Все вышесказанное (которое я назвала бы небольшим прологом к статье) призвано показать, с одной стороны, насколько важна роль истинного философского понимания действительности, с другой,- что это истинное понимание не может быть достигнуто без таких одинаково важных и равноценных по значимости категорий, как рациональное и иррациональное.

В данной статье, ставящей цель прояснить природу рационального и иррационального, я буду опираться на философию А. Шопенгауэра, во-первых, потому что абстрактное, не наполненное конкретным, живым содержанием рассуждение о какой бы то ни было проблеме дает слишком мало пищи уму, нисколько не насыщая его. Во-вторых, потому что именно у Шопенгауэра проблема рационального и иррационального, звучавшая до него глухо, как бы из подполья, вышла наружу, стала предметом открытого, широкого, осознанного и тщательного рассмотрения (хотя сам термин «иррациональное» и отсутствует в его философии, рациональному немецкий философ противопоставляет «иллюминизм»). В отличие от иррационалистов последующей формации (например, К. Ясперса, М. Хайдеггера), которые, стремясь отмежеваться от иррационализма «второй свежести» («почва и кровь»), весьма строго и сдержанно говорят об иррациональном, Шопенгауэр пишет откровенно, смело, страстно, его философия - это обнаженный нерв иррационального, в ней бьется сильный, мощный жизненный пульс, наполненный живой энергией иррационального.

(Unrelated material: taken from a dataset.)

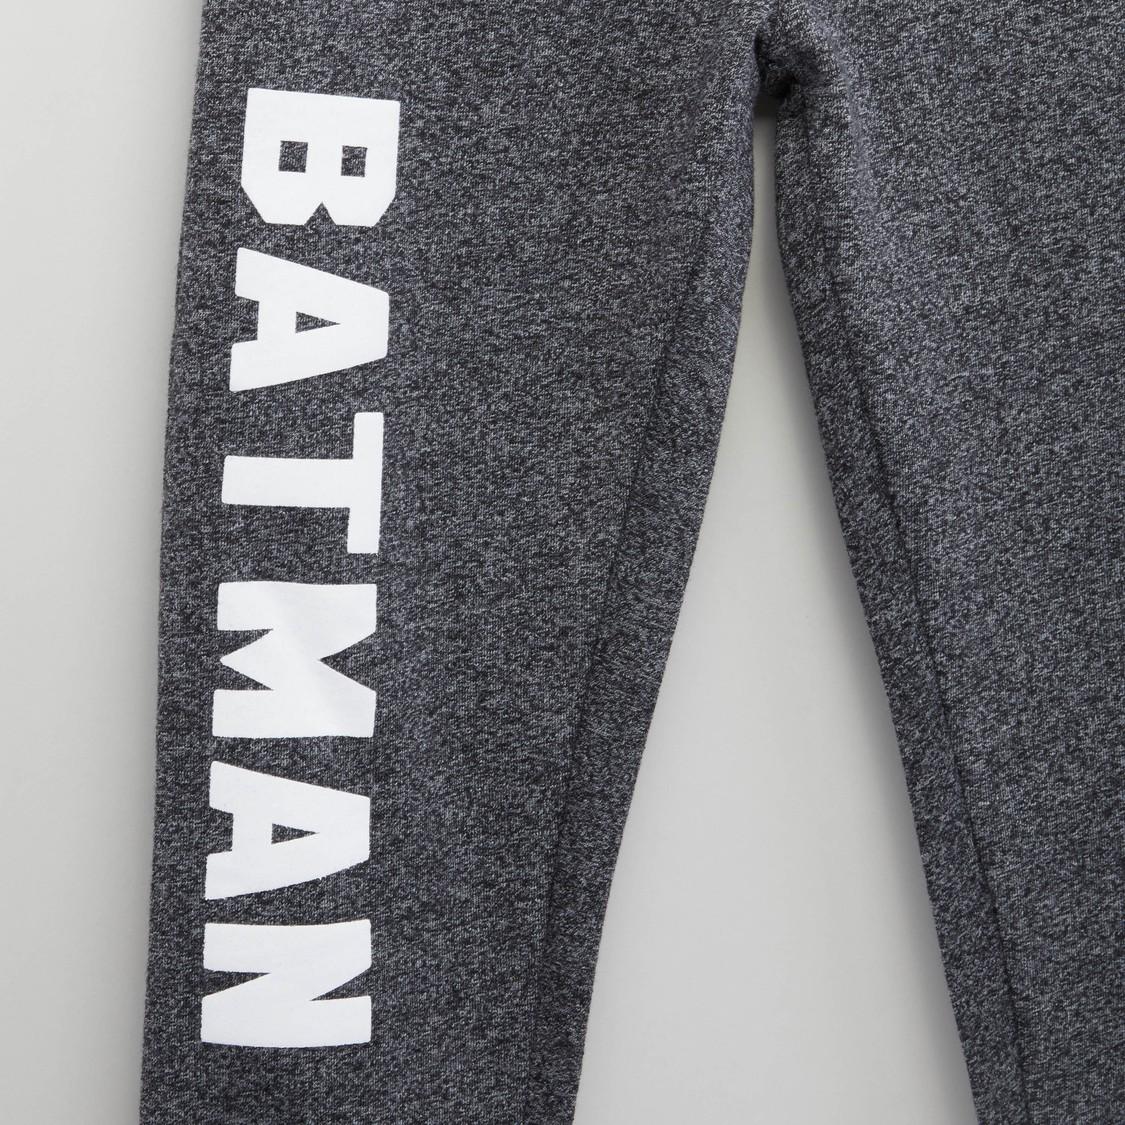 بنطلون رياضي بخصر مطّاطي ورباط مع طبعة باتمان

Для начала - самое общее определение рационального и иррационального. Рациональное - это логически обоснованное, теоретически осознанное, систематизированное универсальное знание предмета, нечто «в масштабе разграничивания» (Хайдеггер). Это в гносеологическом плане. В онтологическом - предмет, явление, действие, в основании бытия которых лежит закон, формообразование, правило, порядок, целесообразность. Рациональное явление прозрачно, проницаемо, а потому его можно выразить рациональными средствами, т. е. понятийно, вербально, оно имеет коммуникабельный характер, способно быть передаваемо другому, способно быть воспринято всеми субъектами.

Иррациональное имеет два смысла. В первом смысле иррациональное таково, что вполне может быть рационализировано (так скульптор из бесформенной глыбы мрамора высекает прекрасную скульптуру - образ избитый, но чрезвычайно наглядный). Практически это есть объект познания, который поначалу предстает как искомое, неизвестное, непознанное. В процессе познания субъект превращает его в логически выраженное, всеобщее знание. Зачастую это иррациональное в нашей философской литературе называют нерациональным, но это в сущности неполный перевод на русский термина «иррациональный», где «ир» заменено «не». Правильнее, с моей точки зрения, подобное иррациональное обозначить как «еще-не-рациональное» (французский философ Анри де Любак (1896-1991) называет его инфрарациональным, недорациональным).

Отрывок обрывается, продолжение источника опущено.